自己网上搜到的代码很多都没有定义类,我自己对于这样的代码很是不喜欢,一点点看算法流程是看不下去的。因为是树,所以一定存在节点类和树类。

  • 节点类

    • entropy是未分支前的交叉熵

    • label表示的是当前节点的标签,那类数据多,标签就是啥

    • divide_info存储了分支的信息

    • except_error在后面剪枝的时候使用

    • 好吧,下面两个set函数好像没什么必要

class Node():
	def __init__(self, entropy=-1, label=None, divide_info=None):
        self.entropy = entropy
        self.label = label
        self.divide_info = divide_info
        self.left_child = None
        self.right_child = None
        self.except_error = None

    def set_left(self, node):
        self.left_child = node

    def set_right(self, node):
        self.right_child = node
  • 树类
    • 实现了树的广度优先遍历和查询节点所在层数两个功能,两个功能实现方法差不多。
class Tree():
    def __init__(self):
        self.root = Node()

    def breadth_traversal(self):
        queue = []
        result = []
        if self.root.entropy == -1:
            return
        else:
            queue.append(self.root)
            while queue:
                next_queue = []
                next_result = []
                for node in queue:
                    next_result.append(node.label)
                    if node.left_child:
                        next_queue.append(node.left_child)
                        next_queue.append(node.right_child)
                result.append(next_result)
                queue = next_queue
        for i in range(len(result)):
            print("第", i, "层信息", result[i])
        return
	
	
    def query_layer(self, node):
        if self.root.entropy != -1:
            queue = [self.root]
            layer = 0
            while queue:
                next_queue = []
                for i in queue:
                    if i == node:
                        return layer
                    if i.left_child:
                        next_queue.append(i.left_child)
                        next_queue.append(i.right_child)
                layer = layer +1
                queue = next_queue
            return
        else:
            return
  • 决策树类

    决策树类的代码有点长,一步一步贴代码吧。

    • 初始化函数

      初始化嘛,初始化一个树就好了。

    class Decision_tree():
    
        def __init__(self):
            self.tree = Tree()
    
    • fit函数——根据数据构造树

      因为用的方法是递归的方法,所以有必要加一个node参数,告诉它的位置在哪里。
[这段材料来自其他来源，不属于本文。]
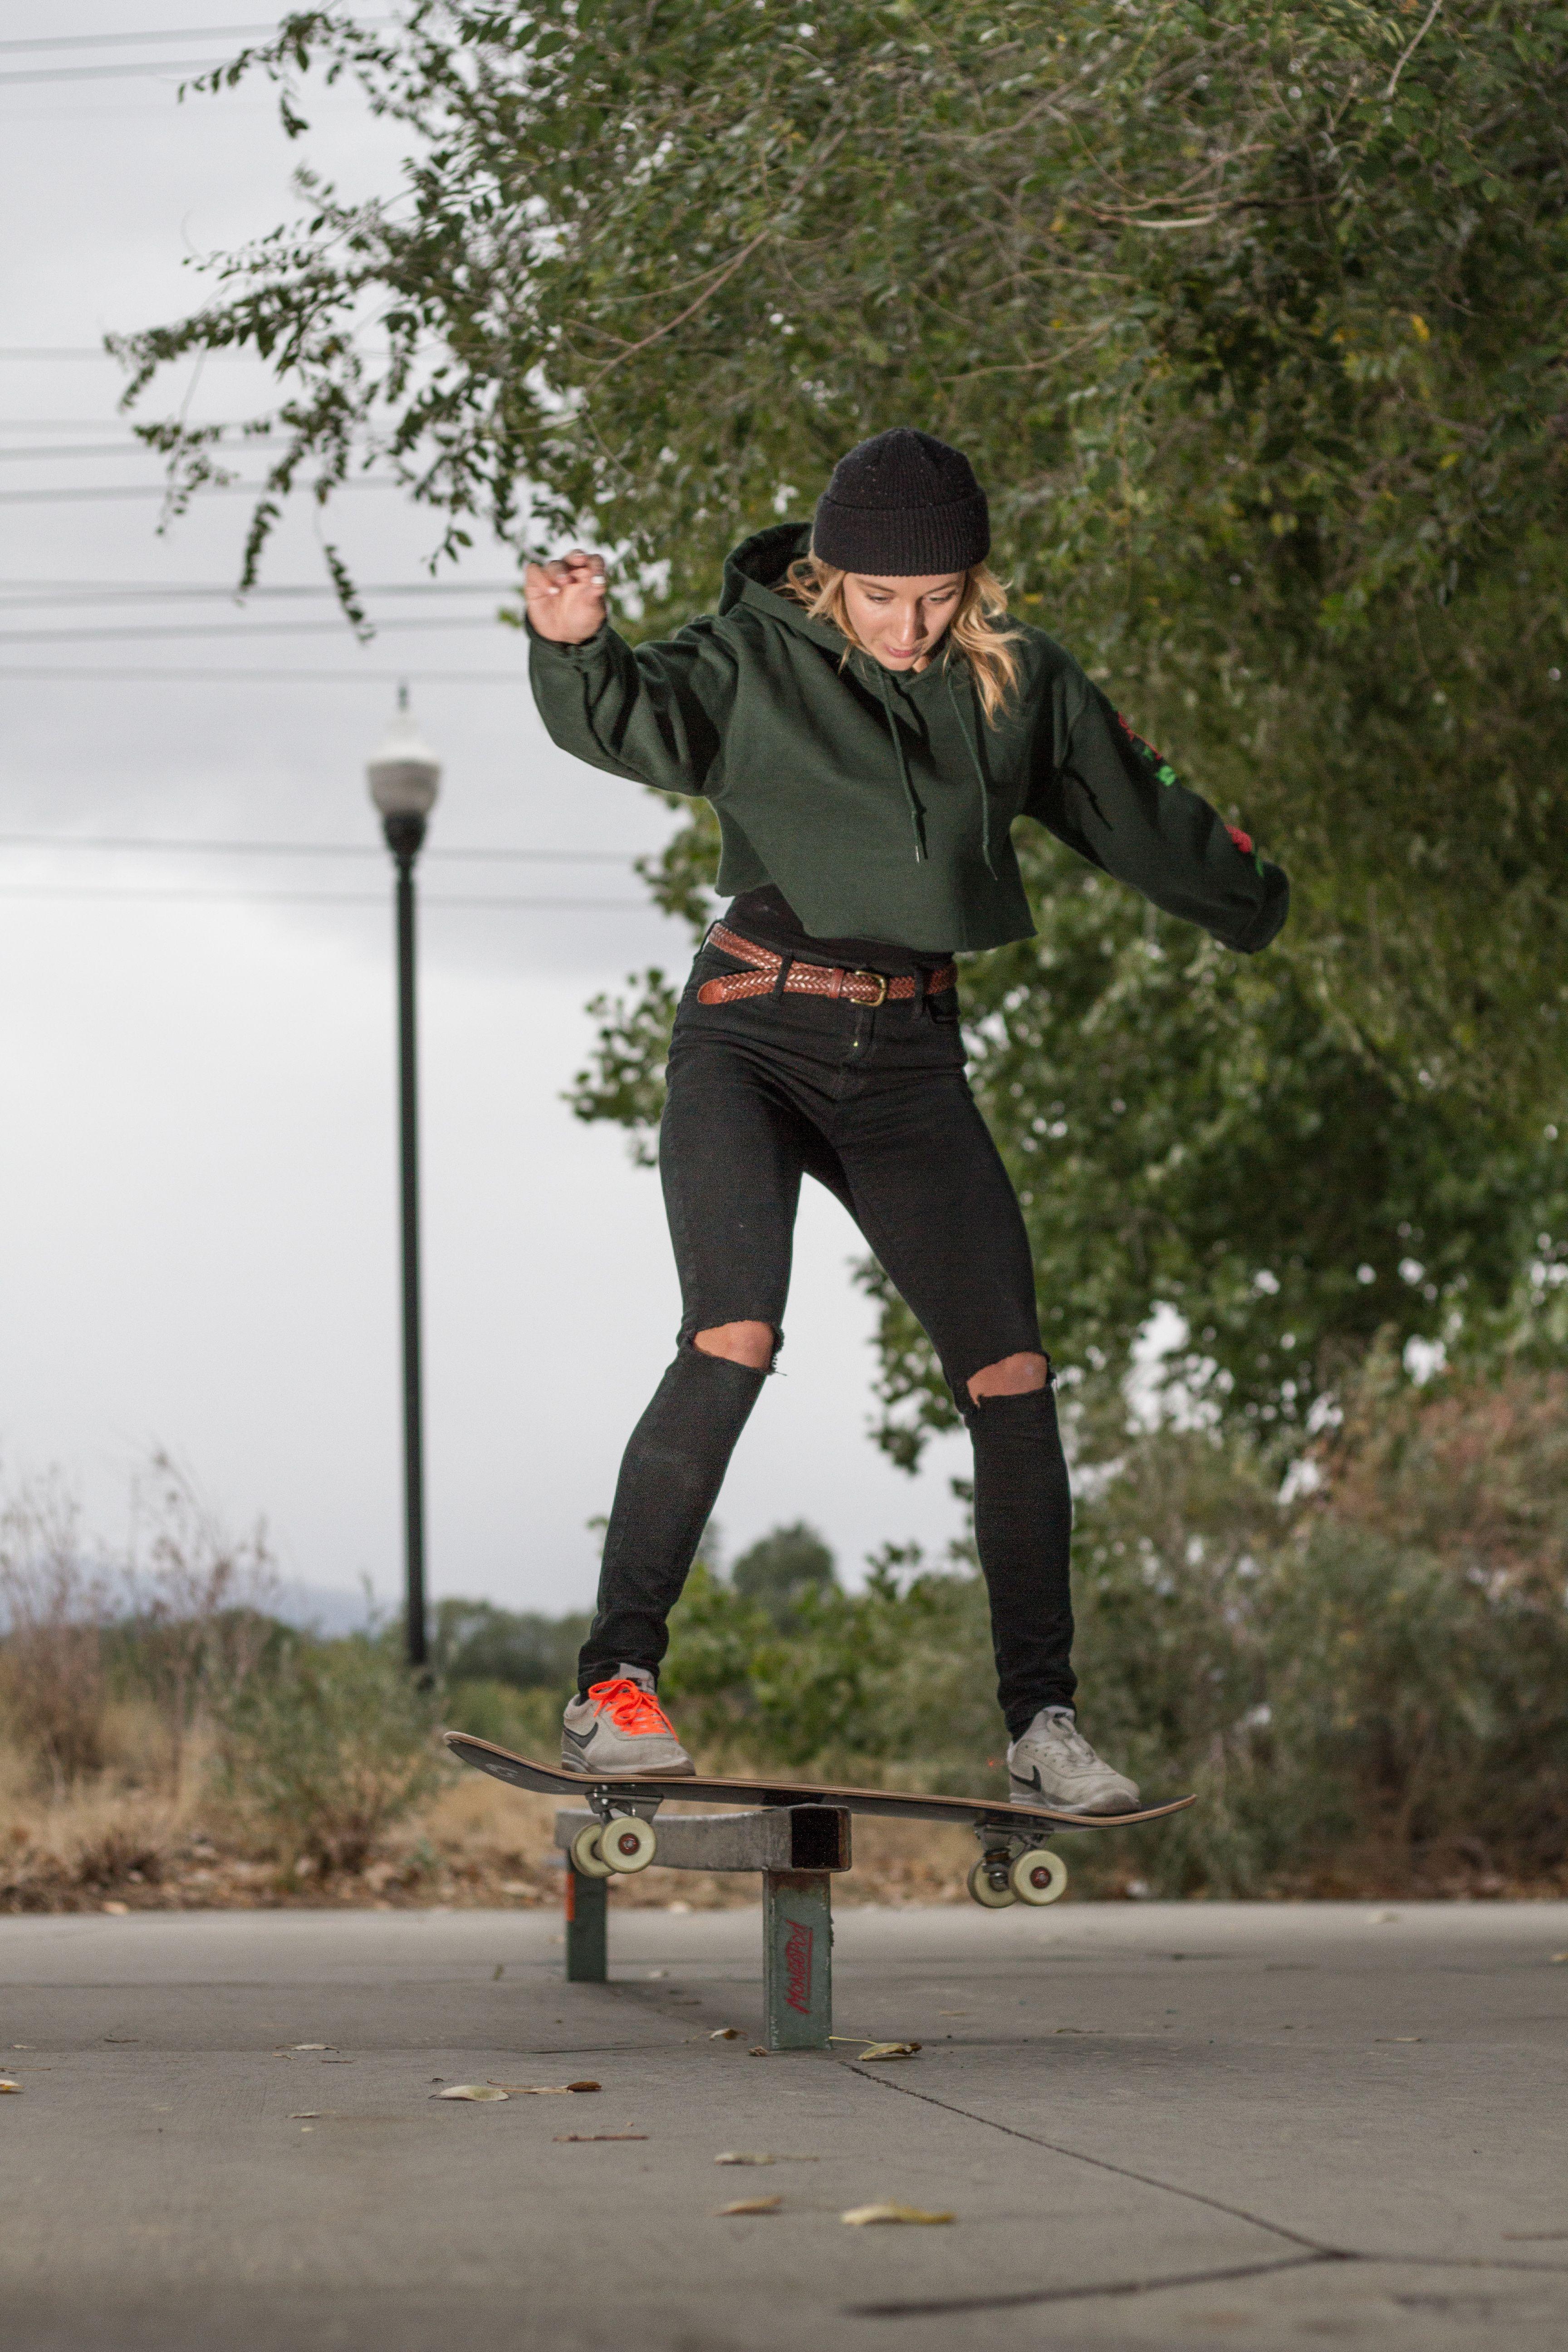 Skate like a girl 👊 | Skateboard fashion

其他参数的话看看名字应该就知道什么意思,就不说了。

      里面调用了返回分支信息的find_variable函数和计算熵的entropy函数,这两个函数放在最后说。

    def fit(self, X, y, minimum_entropy=0, cur_node=None, maximum_layer = np.inf):
        """ build decision tree according to data param: X:features, array_like y:label, array_like minimun_entropy:minimum entropy difference allowed cur_node: current node maximum_layer: maximumn layer allowed, count from 0 """
        X = pd.DataFrame(X)
        y = pd.DataFrame(y)
        minimum_entropy = minimum_entropy
        maximum_layer = maximum_layer
        current_node = cur_node
        if cur_node:
            cur_layer = self.tree.query_layer(cur_node)
            if cur_layer >= maximum_layer:
                return
    
        label = y.iloc[:, 0].value_counts().index[0]
        current_entropy = entropy(y)
    
        divided_info, left_index, right_index, divide_column = find_variable(X, y, minimum_entropy)
    
        if self.tree.root.entropy == -1:
            if divided_info == None:
                print("无需决策分类")
            else:
                self.tree.root = Node(entropy=current_entropy, label=label, divide_info=divided_info)
                X_next = X[X.columns.difference([divide_column])]
                X_left = X_next[left_index]
                y_left = y[left_index]
                X_right = X_next[right_index]
                y_right = y[right_index]
                self.fit(X_left, y_left, minimum_entropy,self.tree.root, maximum_layer)
                self.fit(X_right, y_right, minimum_entropy, self.tree.root, maximum_layer)
        else:
            if divided_info == None:
                if cur_node.left_child == None:
                    cur_node.left_child = Node(entropy=None, label=label)
                    return
                else:
                    cur_node.right_child = Node(entropy=None, label=label)
                    return
            else:
                X_next = X[X.columns.difference([divide_column])]
                X_left = X_next[left_index]
                y_left = y[left_index]
                X_right = X_next[right_index]
                y_right = y[right_index]
                if cur_node.left_child == None:
                    cur_node.set_left(Node(current_entropy, label, divided_info))
                    self.fit(X_left, y_left,minimum_entropy, cur_node.left_child, maximum_layer)
                    self.fit(X_right, y_right, minimum_entropy, cur_node.left_child, maximum_layer)
                else:
                    cur_node.set_right(Node(current_entropy, label, divided_info))
                    self.fit(X_left, y_left, minimum_entropy, cur_node.right_child, maximum_layer)
                    self.fit(X_right, y_right, minimum_entropy, cur_node.right_child, maximum_layer)
    
    • post_pruning——后剪枝函数

      函数调用了add_error函数为每个节点添加悲观的期望错误数信息,添加后再从下往上进行剪枝。这个从下往上剪枝的过程借鉴了广度优先遍历的思想。同样利用到的error_rate函数放到了最后面。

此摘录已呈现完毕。